Applications of BFS algorithm

The applications of breadth-first-algorithm are given as follows:

• BFS can be used to find the neighboring locations from a given source location.
• In a peer-to-peer network, BFS algorithm can be used as a traversal method to find all the neighboring nodes. Most torrent clients, such as BitTorrent, uTorrent, etc. employ this process to find "seeds" and "peers" in the network.
• BFS can be used in web crawlers to create web page indexes. It is one of the main algorithms that can be used to index web pages. It starts traversing from the source page and follows the links associated with the page. Here, every web page is considered as a node in the graph.
• BFS is used to determine the shortest path and minimum spanning tree.
• BFS is also used in Cheney's technique to duplicate the garbage collection.
• It can be used in ford-Fulkerson method to compute the maximum flow in a flow network.

Algorithm

The steps involved in the BFS algorithm to explore a graph are given as follows:

• Step 1: SET STATUS = 1 (ready state) for each node in G
• Step 2: Enqueue the starting node A and set its STATUS = 2 (waiting state)
• Step 3: Repeat Steps 4 and 5 until QUEUE is empty
• Step 4: Dequeue a node N. Process it and set its STATUS = 3 (processed state).
• Step 5: Enqueue all the neighbours of N that are in the ready state (whose STATUS = 1) and set
  their STATUS = 2
  (waiting state)
  [END OF LOOP]
• Step 6: EXIT

Example of BFS algorithm

Now, let's understand the working of BFS algorithm by using an example.
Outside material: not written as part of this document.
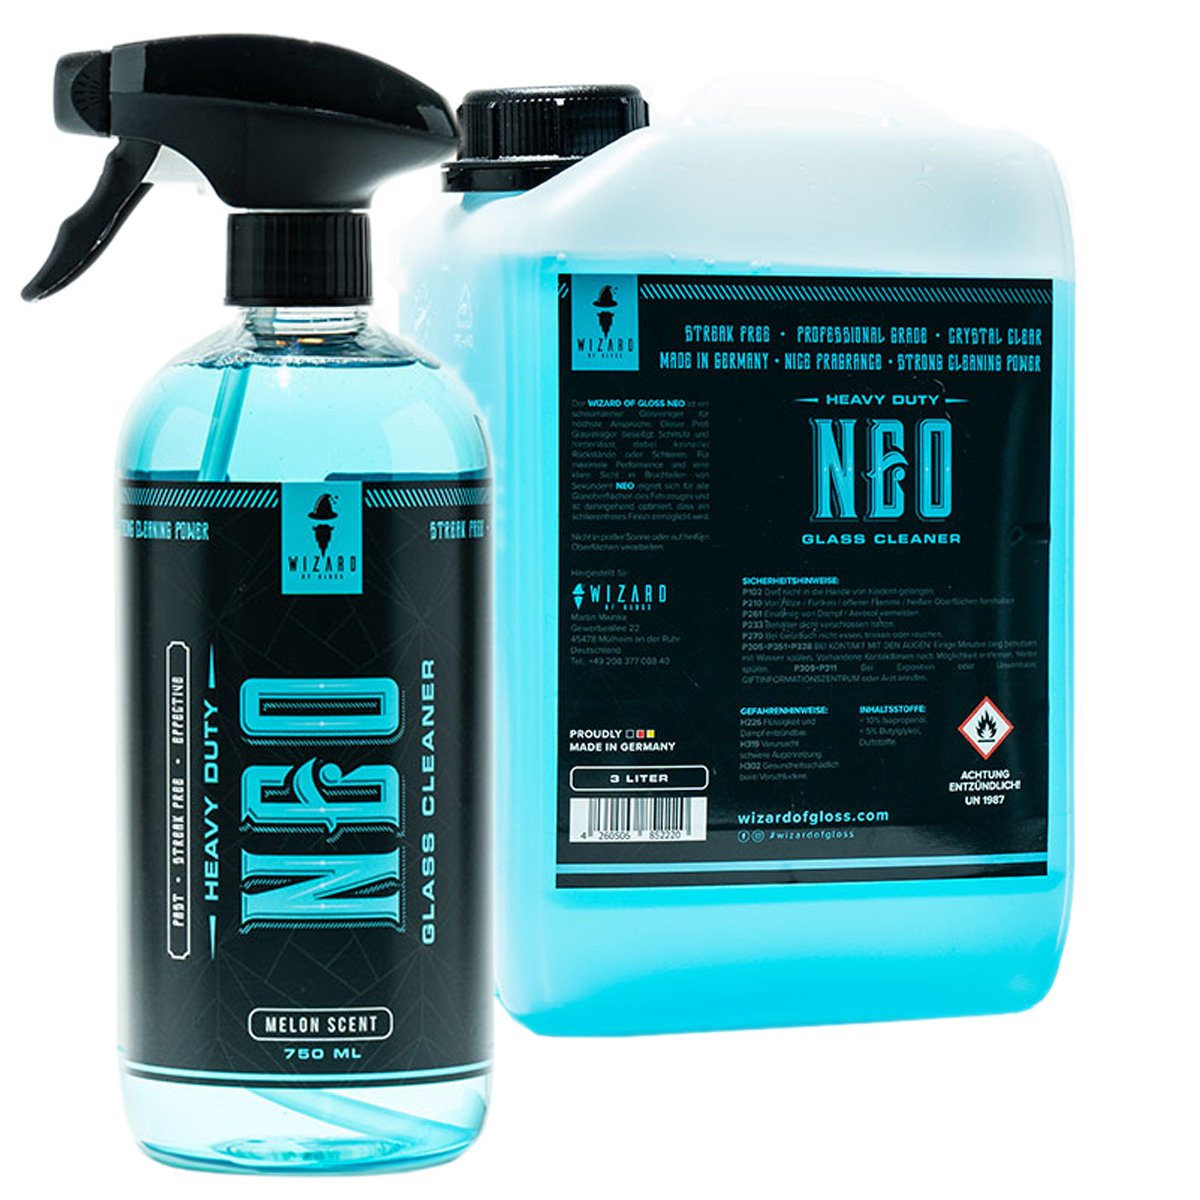 NEO Glass Cleaner

In the example given below, there is a directed graph having 7 vertices.

In the above graph, minimum path 'P' can be found by using the BFS that will start from Node A and end at Node E. The algorithm uses two queues, namely QUEUE1 and QUEUE2. QUEUE1 holds all the nodes that are to be processed, while QUEUE2 holds all the nodes that are processed and deleted from QUEUE1.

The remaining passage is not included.